• **How to complete this task**: Below this line are records; transcribe exactly the lines between the one holding "Vista panoramica sulla Repubblica Ceca" and the one holding "Ventilador de extracción", inclusive, and omit the pictures.

• **Records for this exercise**:
=-=-=

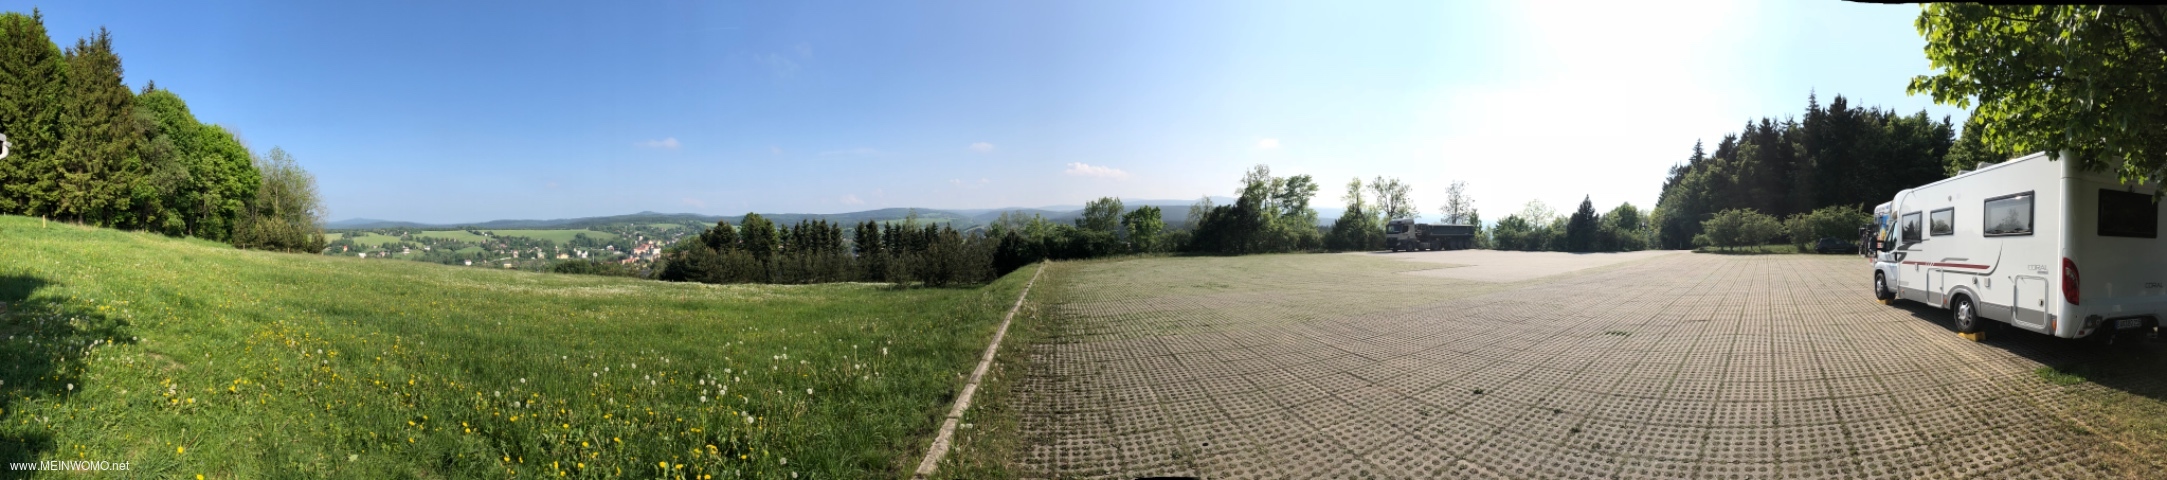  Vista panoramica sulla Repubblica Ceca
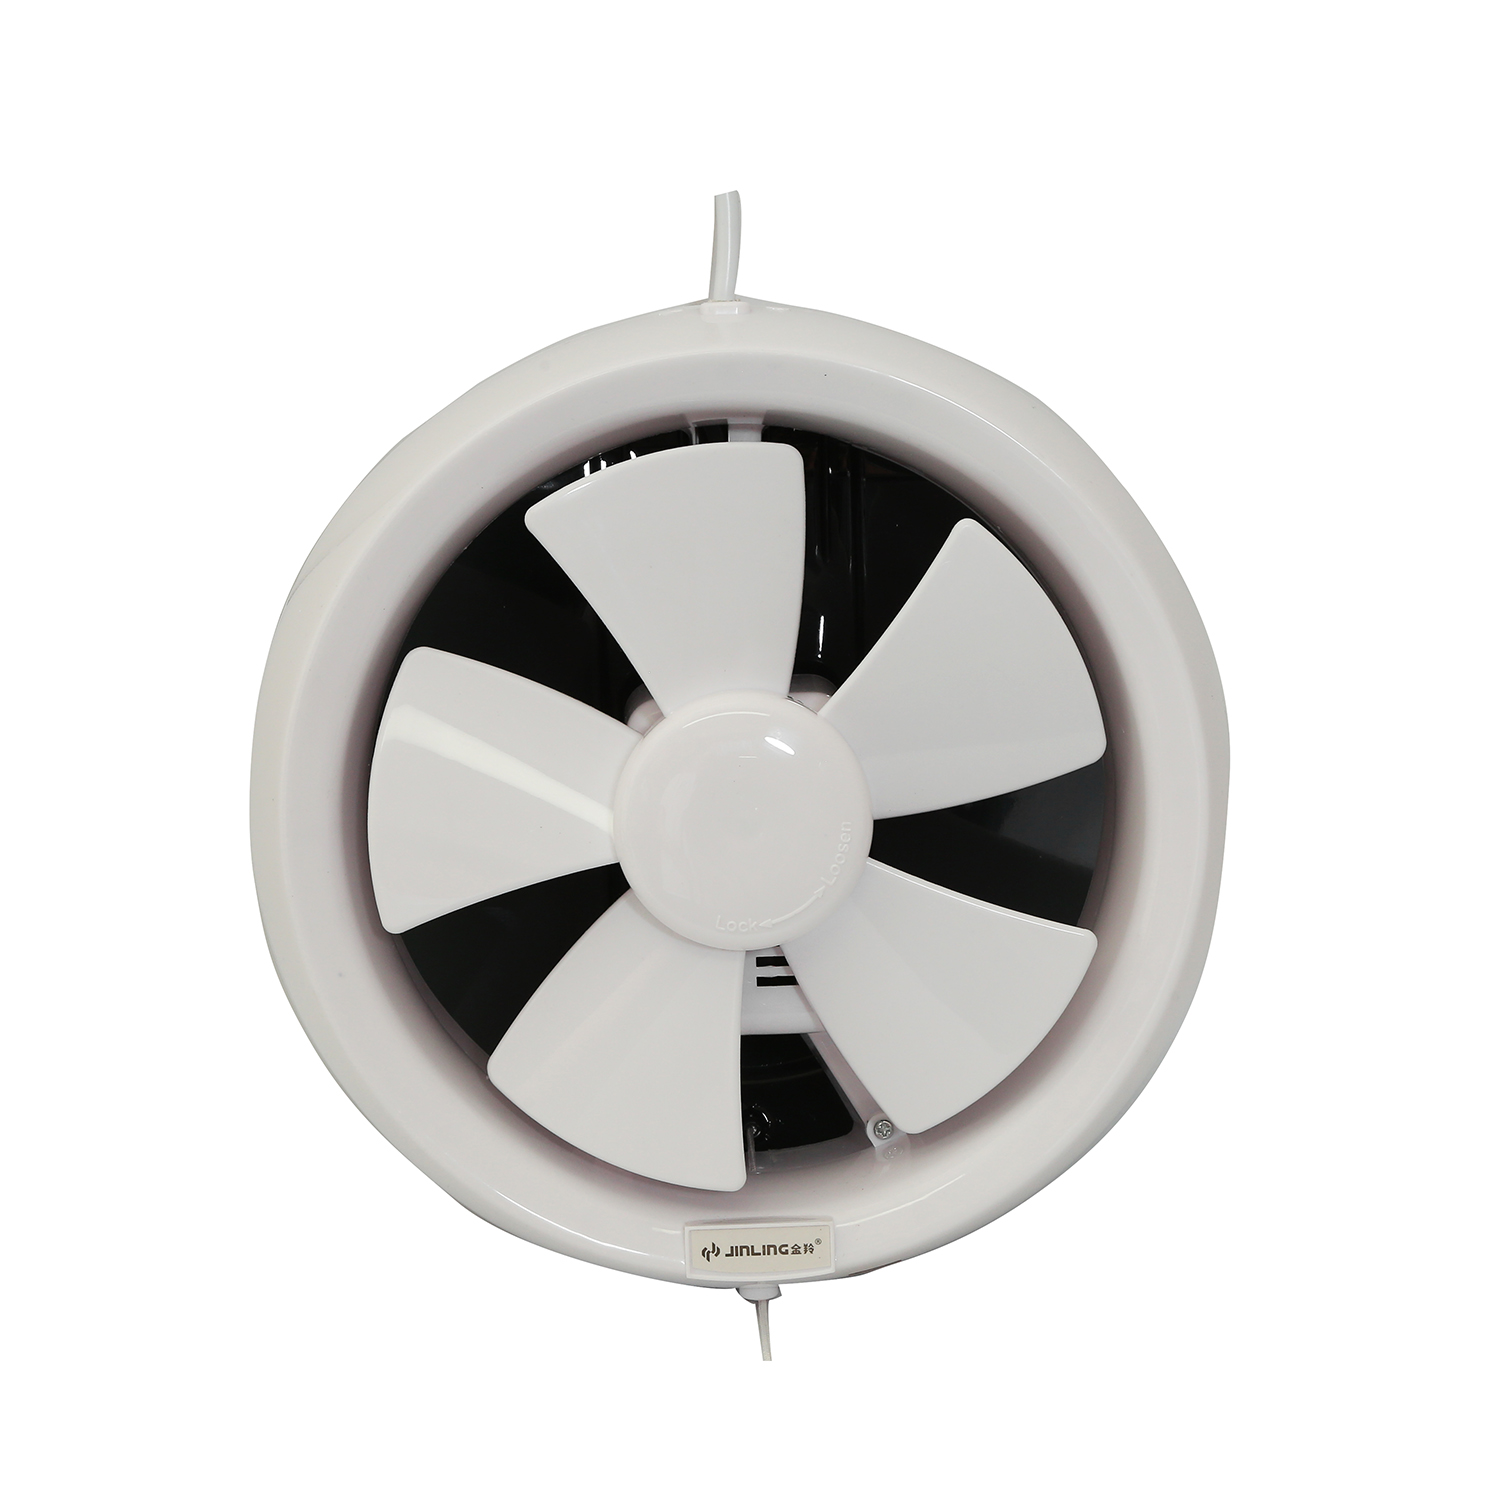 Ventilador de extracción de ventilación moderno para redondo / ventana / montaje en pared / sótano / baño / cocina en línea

=-=-=

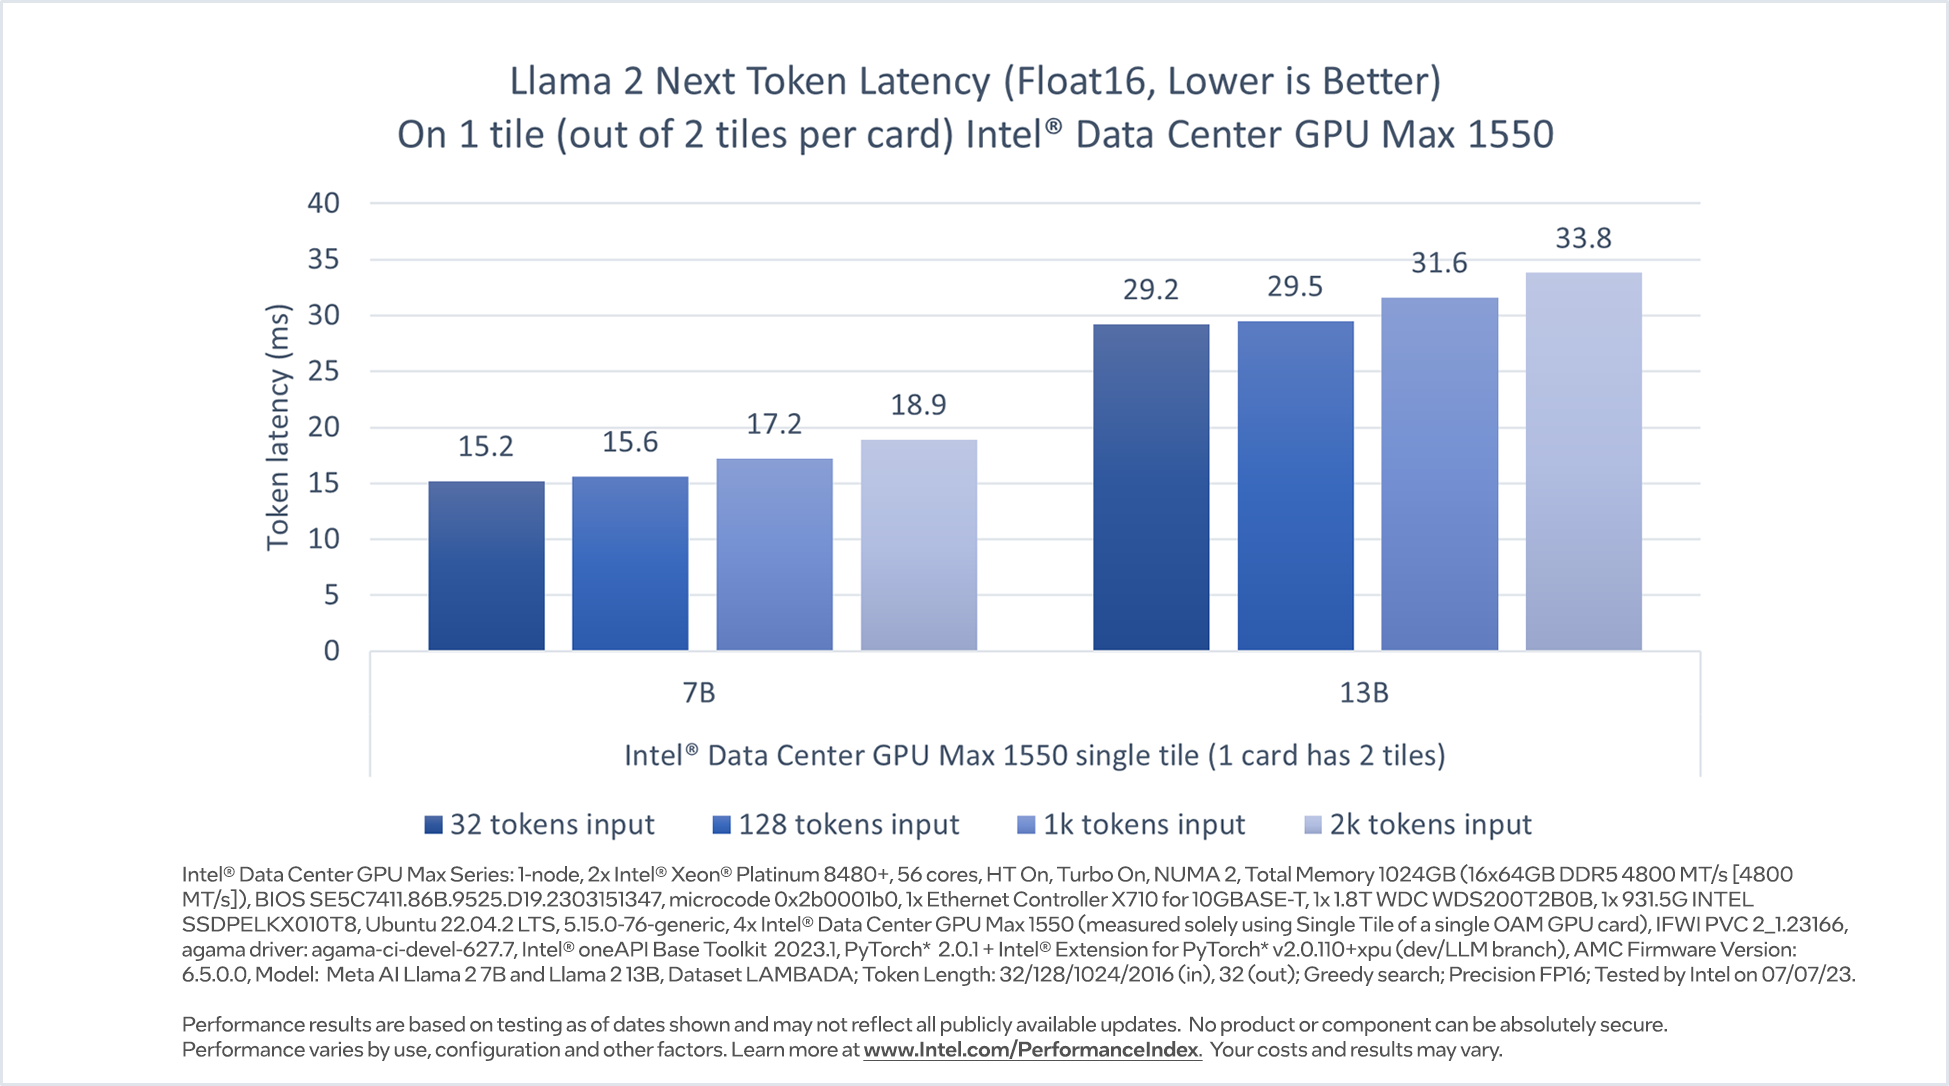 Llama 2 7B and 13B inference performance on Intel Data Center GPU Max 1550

=-=-=

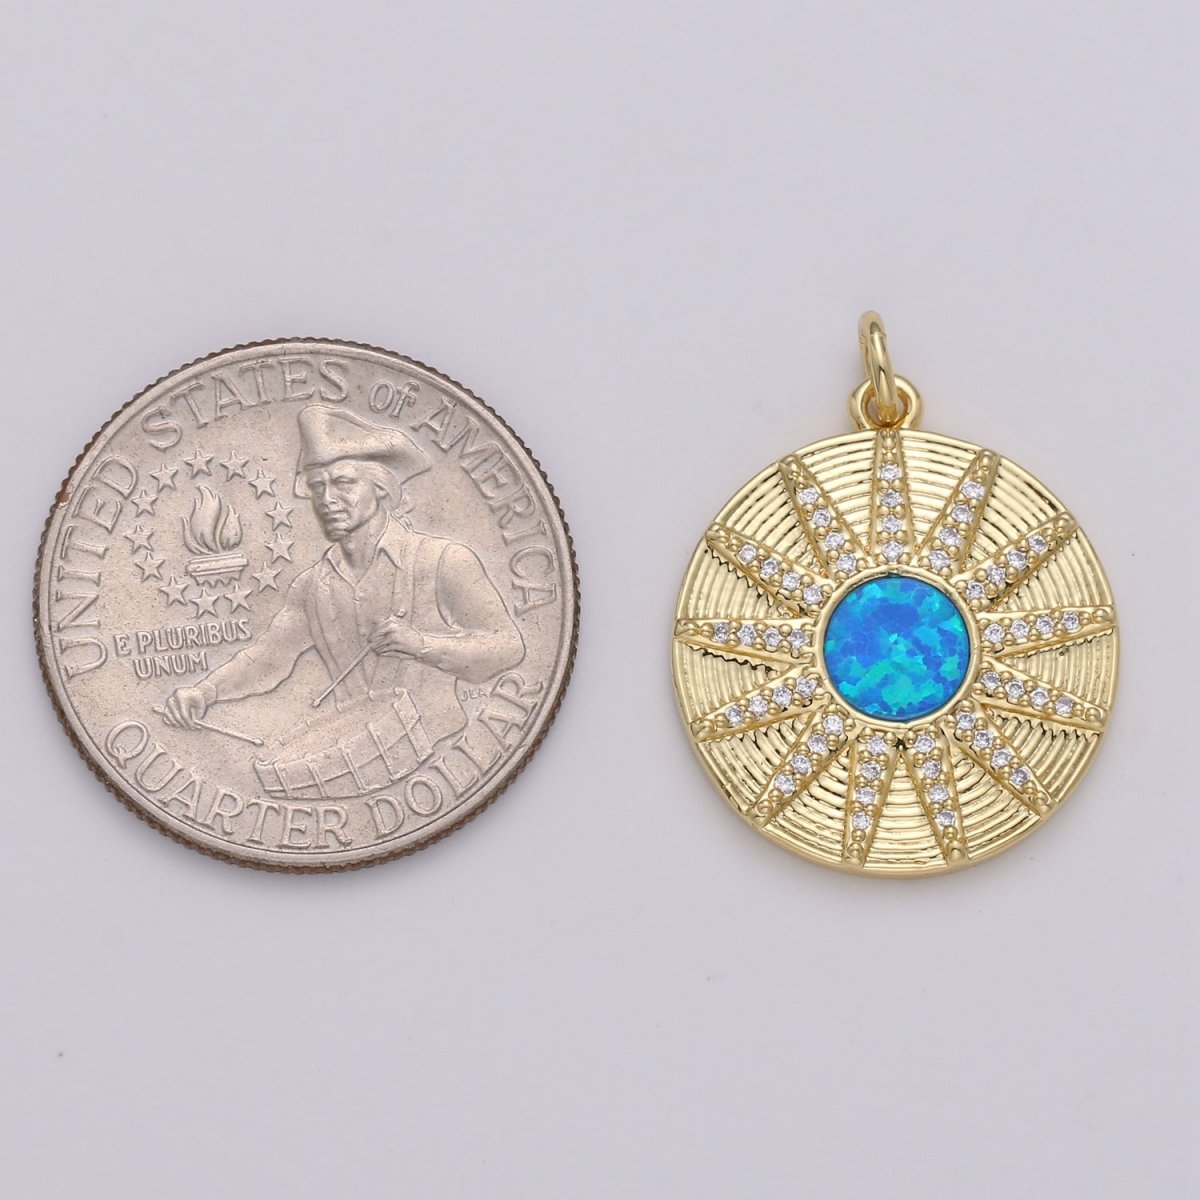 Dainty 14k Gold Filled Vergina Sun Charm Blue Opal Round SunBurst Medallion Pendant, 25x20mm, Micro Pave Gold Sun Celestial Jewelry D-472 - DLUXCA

=-=-=

• **Task output**:
  Vista panoramica sulla Repubblica Ceca
 Ventilador de extracción de ventilación moderno para redondo / ventana / montaje en pared / sótano / baño / cocina en línea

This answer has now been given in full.